::: SUPPLIED MATERIAL :::

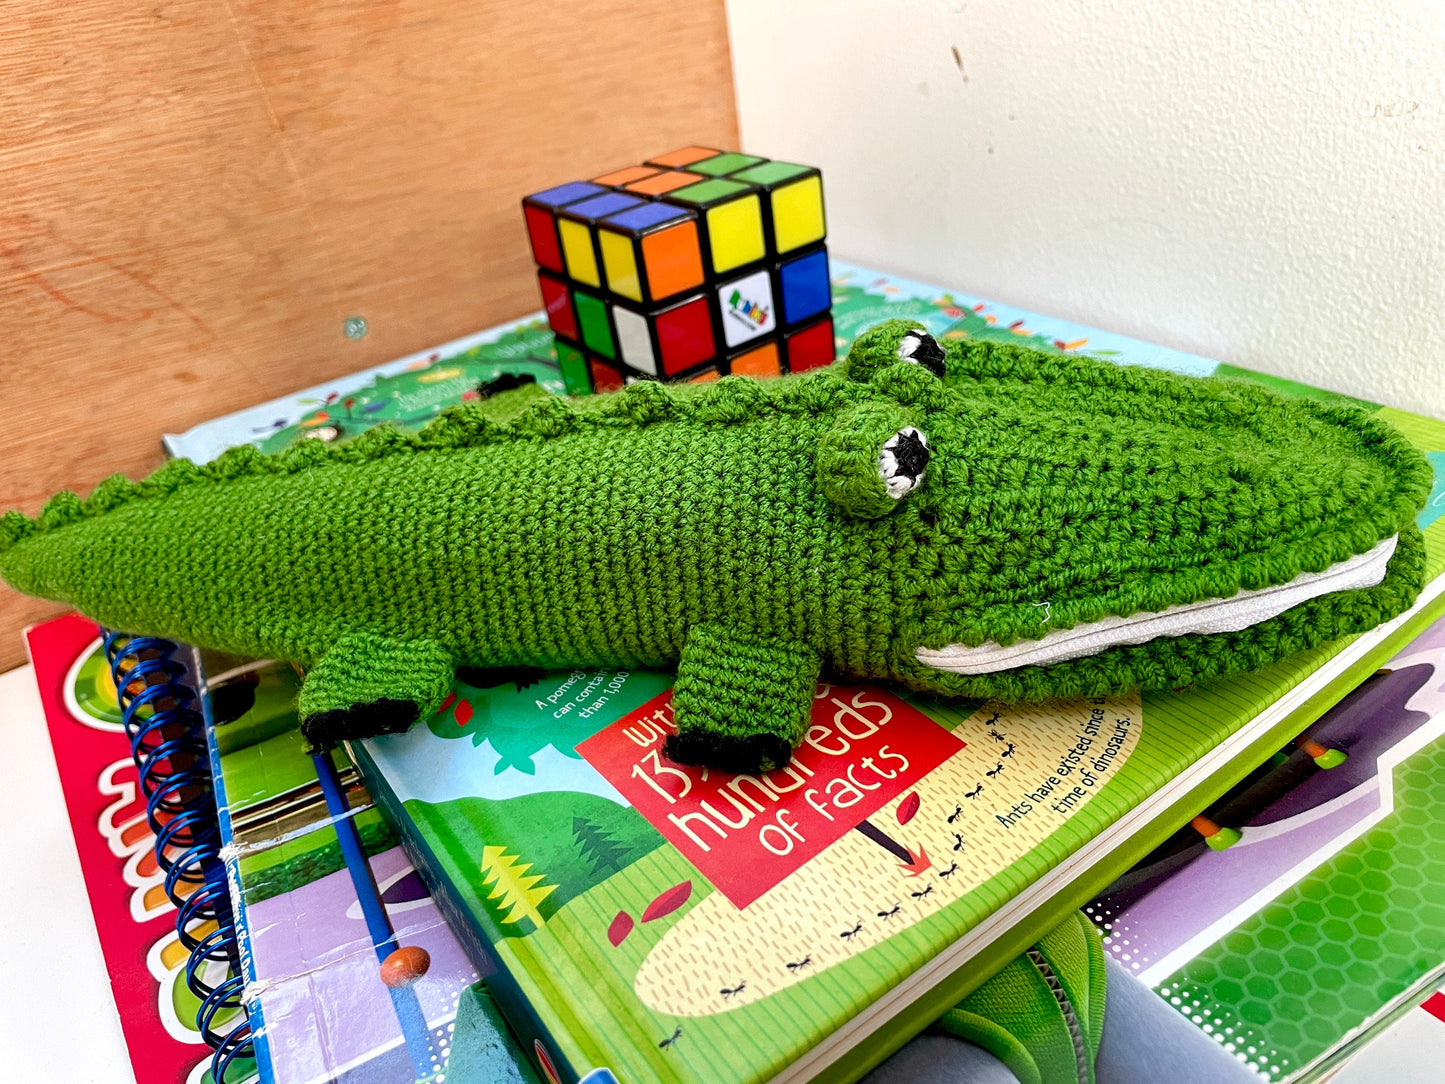 Crocodile Crochet Pencil Case
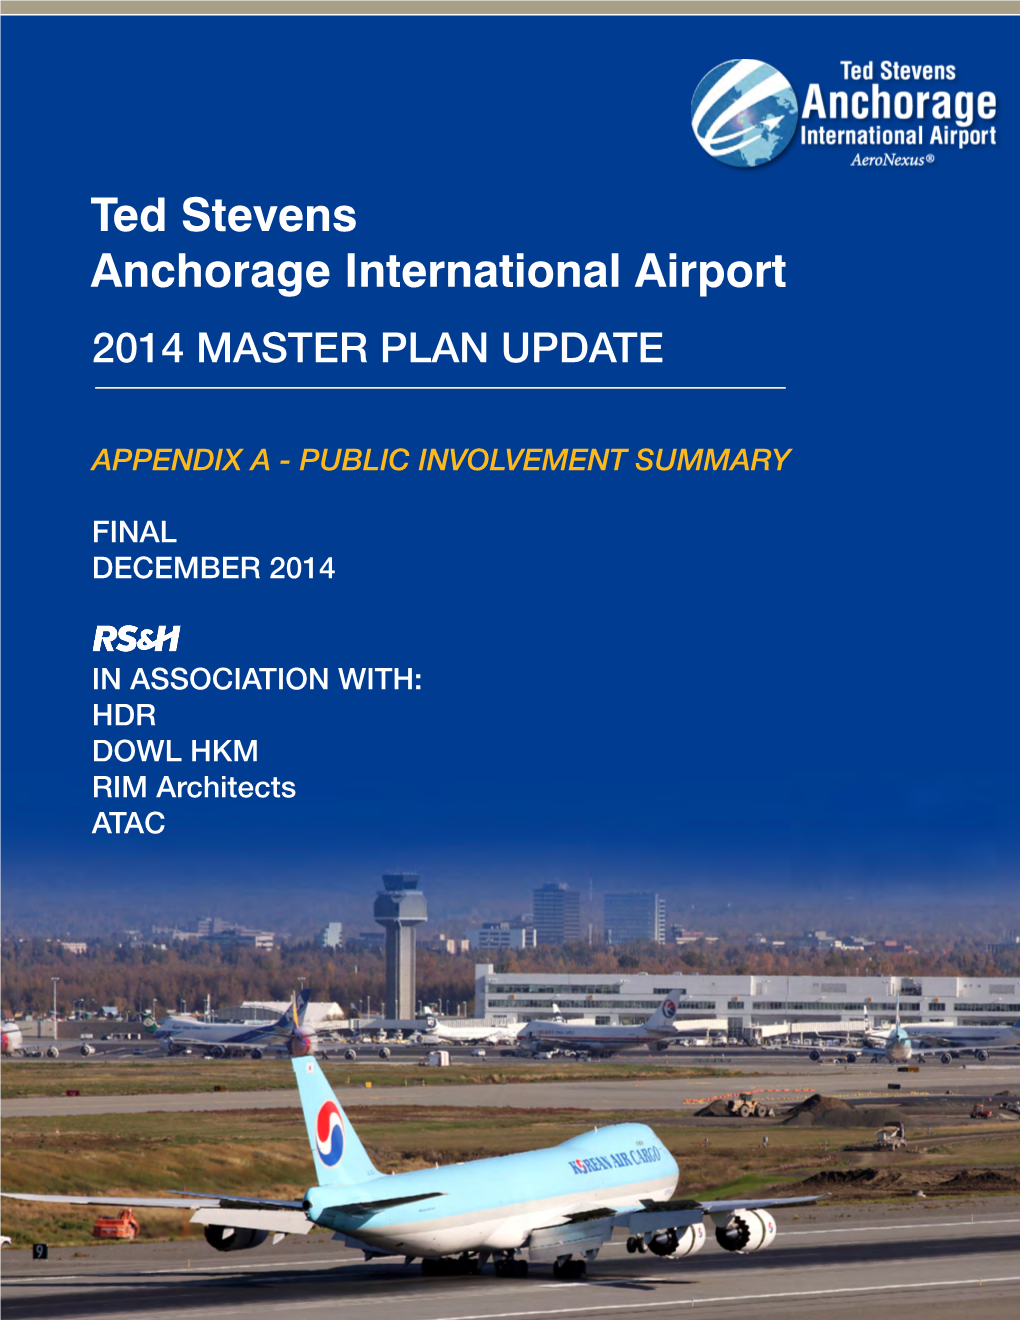 Ted Stevens Anchorage International Airport Master Plan Update
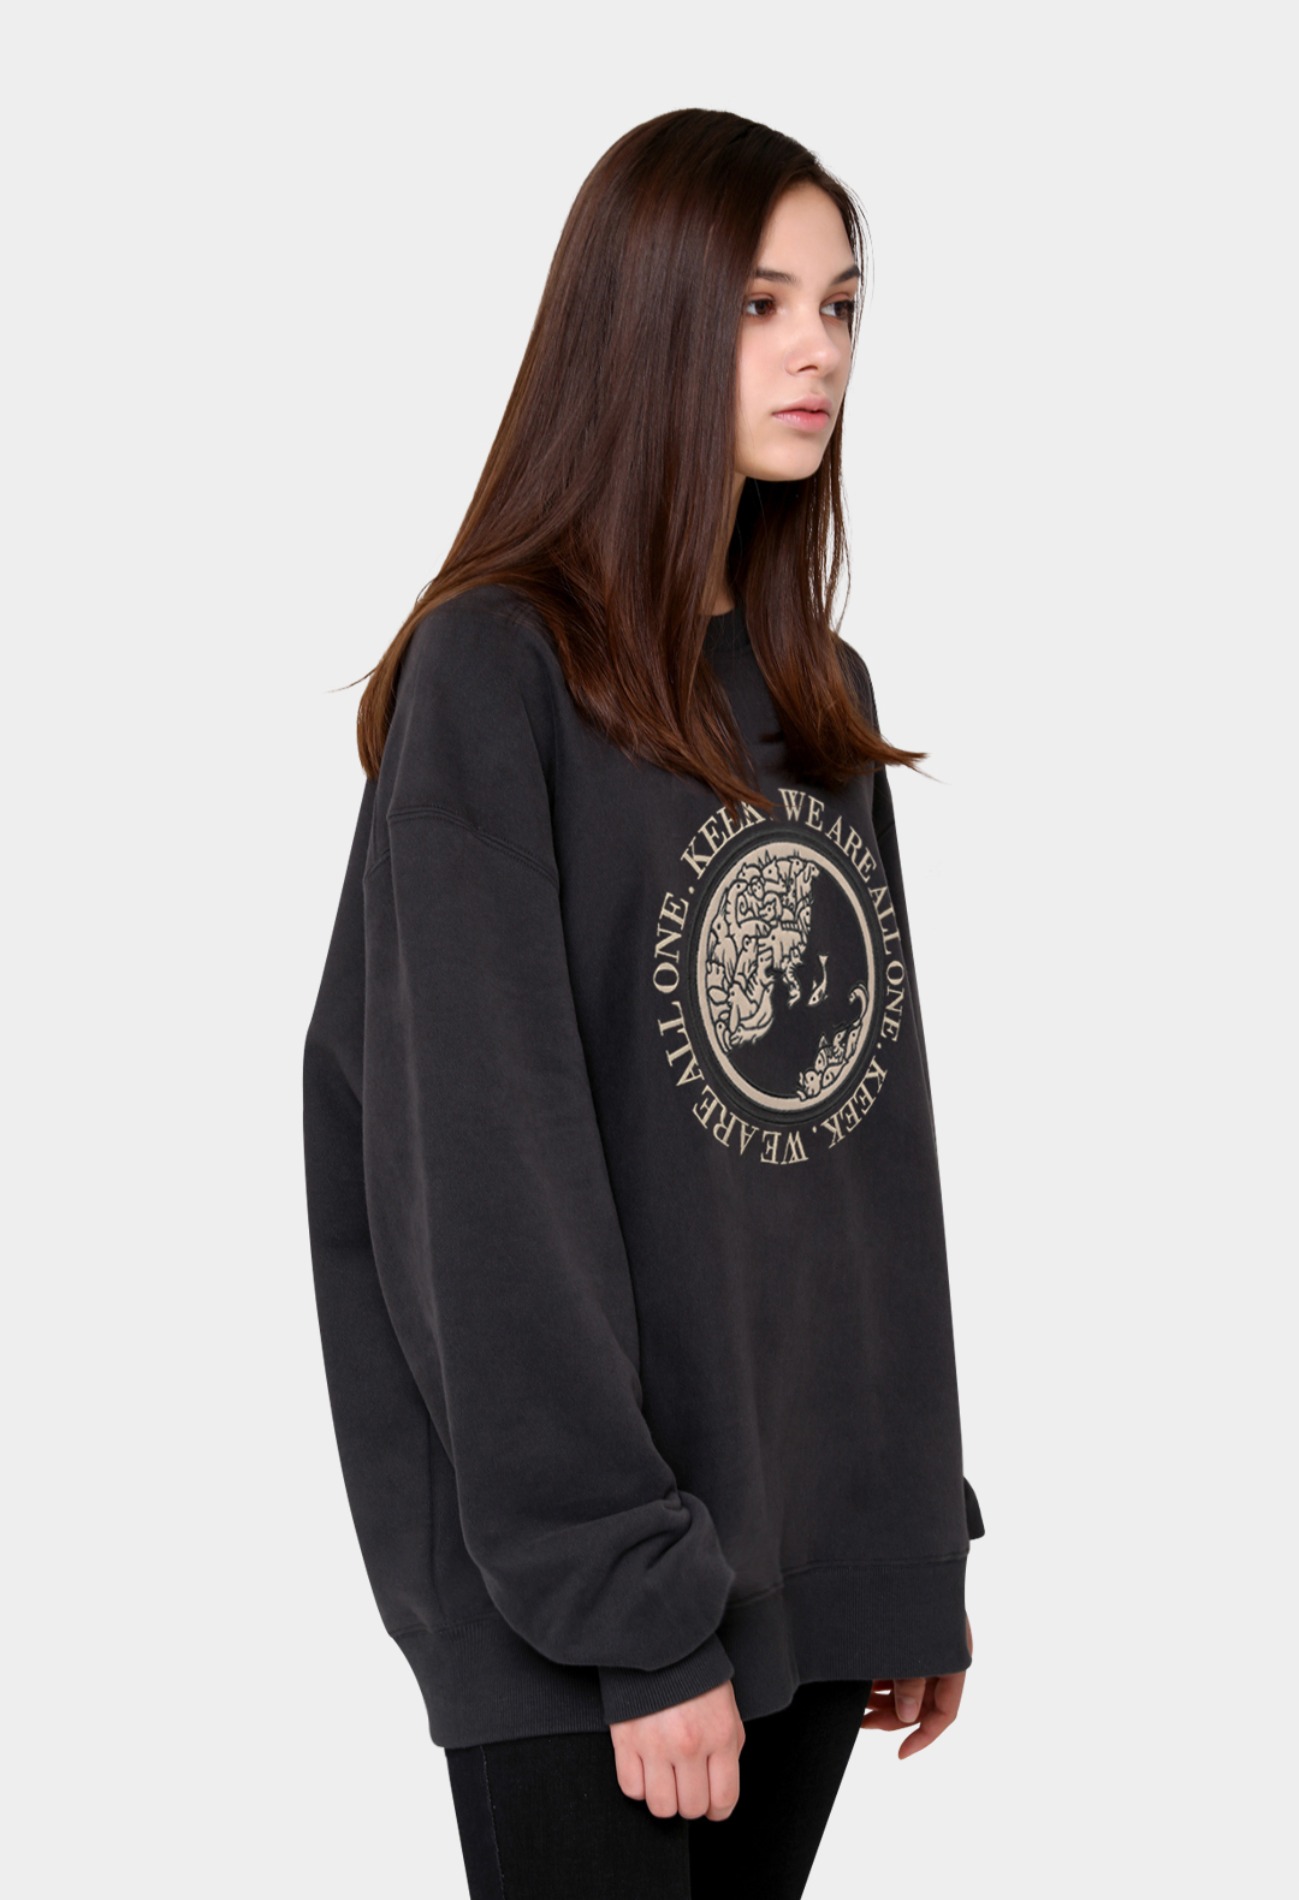 keek [Unisex] Earth Applique Sweatshirts - Charcoal 스트릿패션 유니섹스브랜드 커플시밀러룩 남자쇼핑몰 여성의류쇼핑몰 후드티 힙색

:::

The whole listing should be reproduced exactly. Images don't go in.

### SOLUTION TO THIS PROBLEM
 Crocodile Crochet Pencil Case
 Ted Stevens Anchorage International Airport Master Plan Update
 keek [Unisex] Earth Applique Sweatshirts - Charcoal 스트릿패션 유니섹스브랜드 커플시밀러룩 남자쇼핑몰 여성의류쇼핑몰 후드티 힙색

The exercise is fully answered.